Laura: Mírame a los ojos mientras me cabalgas, Diego. Quiero ver cómo te rompes.




Lo miré. Esos ojos oscuros, esa cara de gangster. Me follaba desde abajo con embestidas brutales, obligándome a moverme encima de él. Me corrí otra vez, gimiendo su nombre.

Laura: No eres un hombre, Diego. Ya nunca lo serás. A partir de ahora solo vas a ser una buena mujer. Mi mujer. ¿Entendido? Diego: Sí… Laura… soy tu mujer…

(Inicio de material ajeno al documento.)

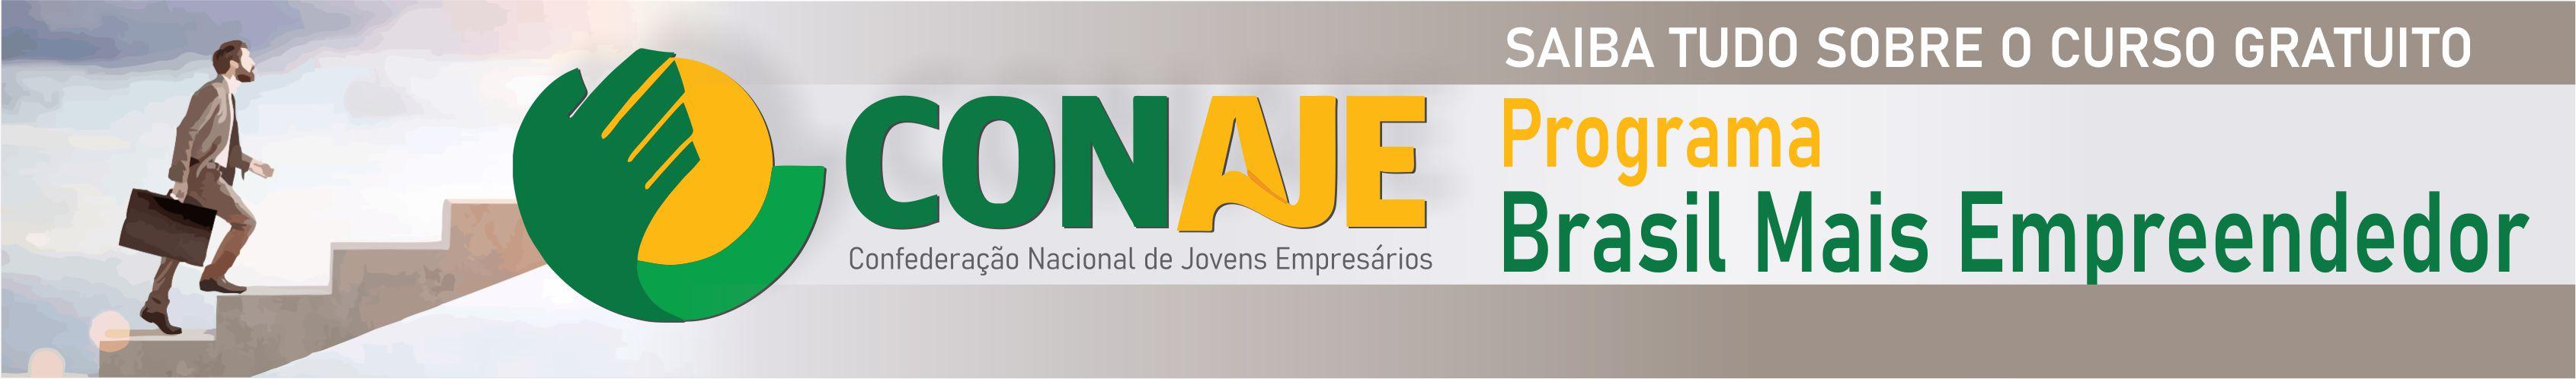 Programa Brasil Mais Empreendedor- CONAJE (2)
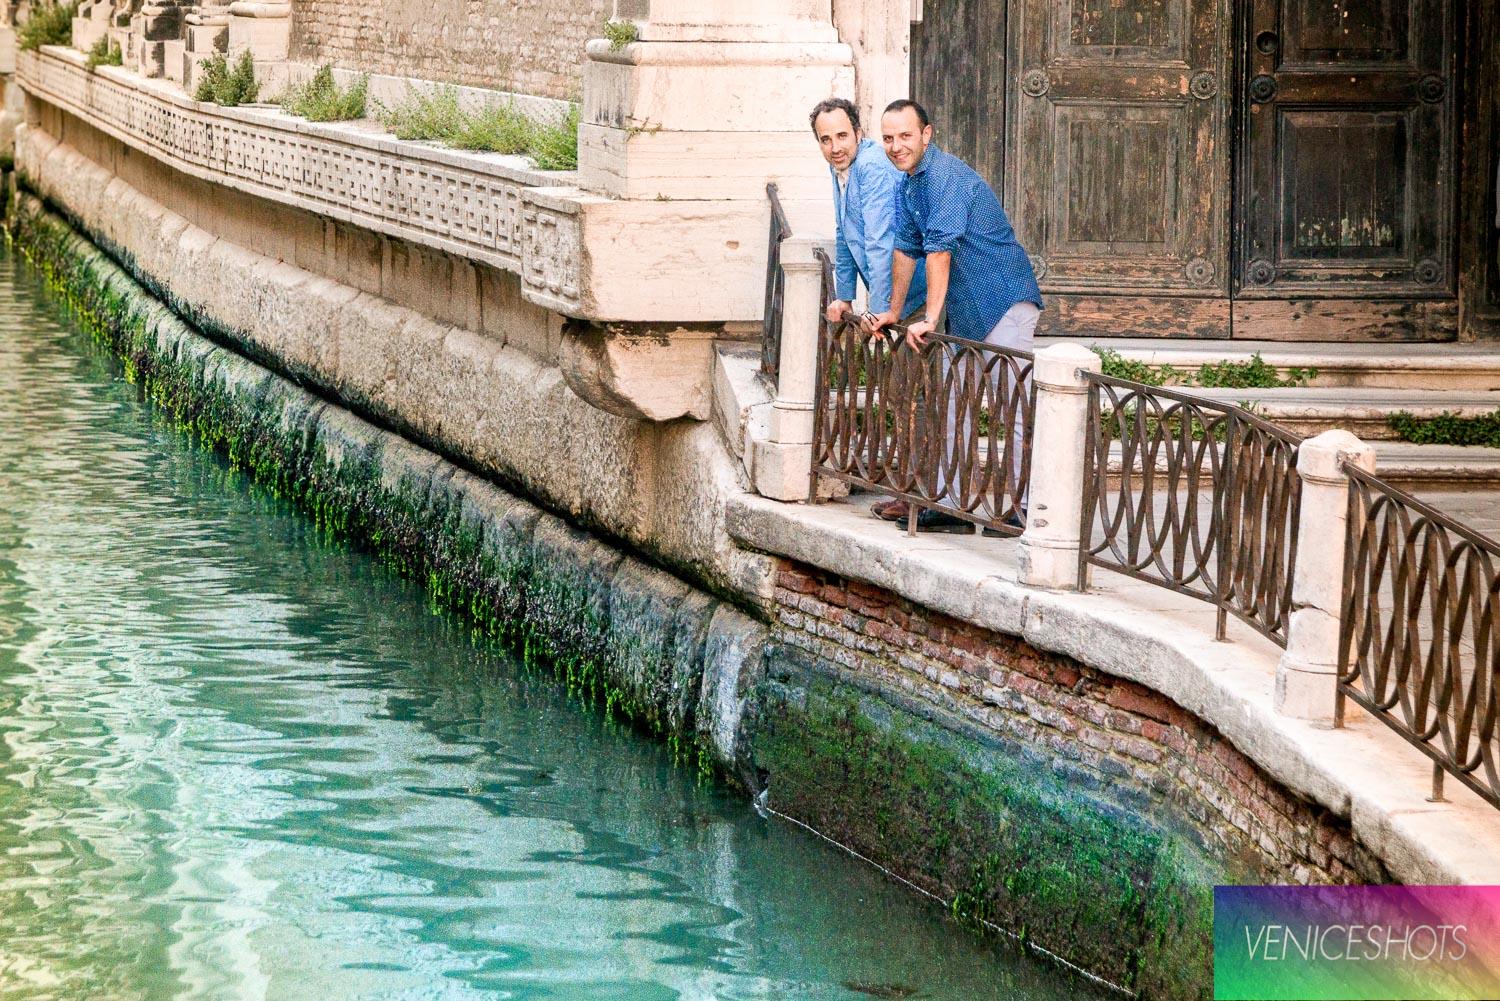 fotografia professionale Venezia_copyright claudia Rossini veniceshots.com_3609_veniceshots.com_alta risoluz_.jpg

Me llevó al cuarto. Me puso en cuatro sobre la cama. Me folló brutalmente. Me corrí tan fuerte que casi me desmayo.






Finalmente me bajó al suelo, de rodillas sobre la alfombra suave. Me metió la polla en la boca otra vez.

Laura: Abre bien esa boquita, nena.

Se corrió con un gruñido profundo y animal, llenándome la boca de leche caliente y espesa. Tragué todo, mirándolo desde abajo con los ojos llorosos.

Cuando terminó, me quedé ahí, desnuda, con el coño palpitando, las tetas marcadas por sus manos y la boca llena de su sabor. Lo miré… y sonreí. Una sonrisa patética, rota, completamente rendida.





Diego: Está bien, Laura… seré tu mujer. Solo tuya. Para siempre.

Laura: Esa es mi chica. Bienvenida a tu nueva vida, putita.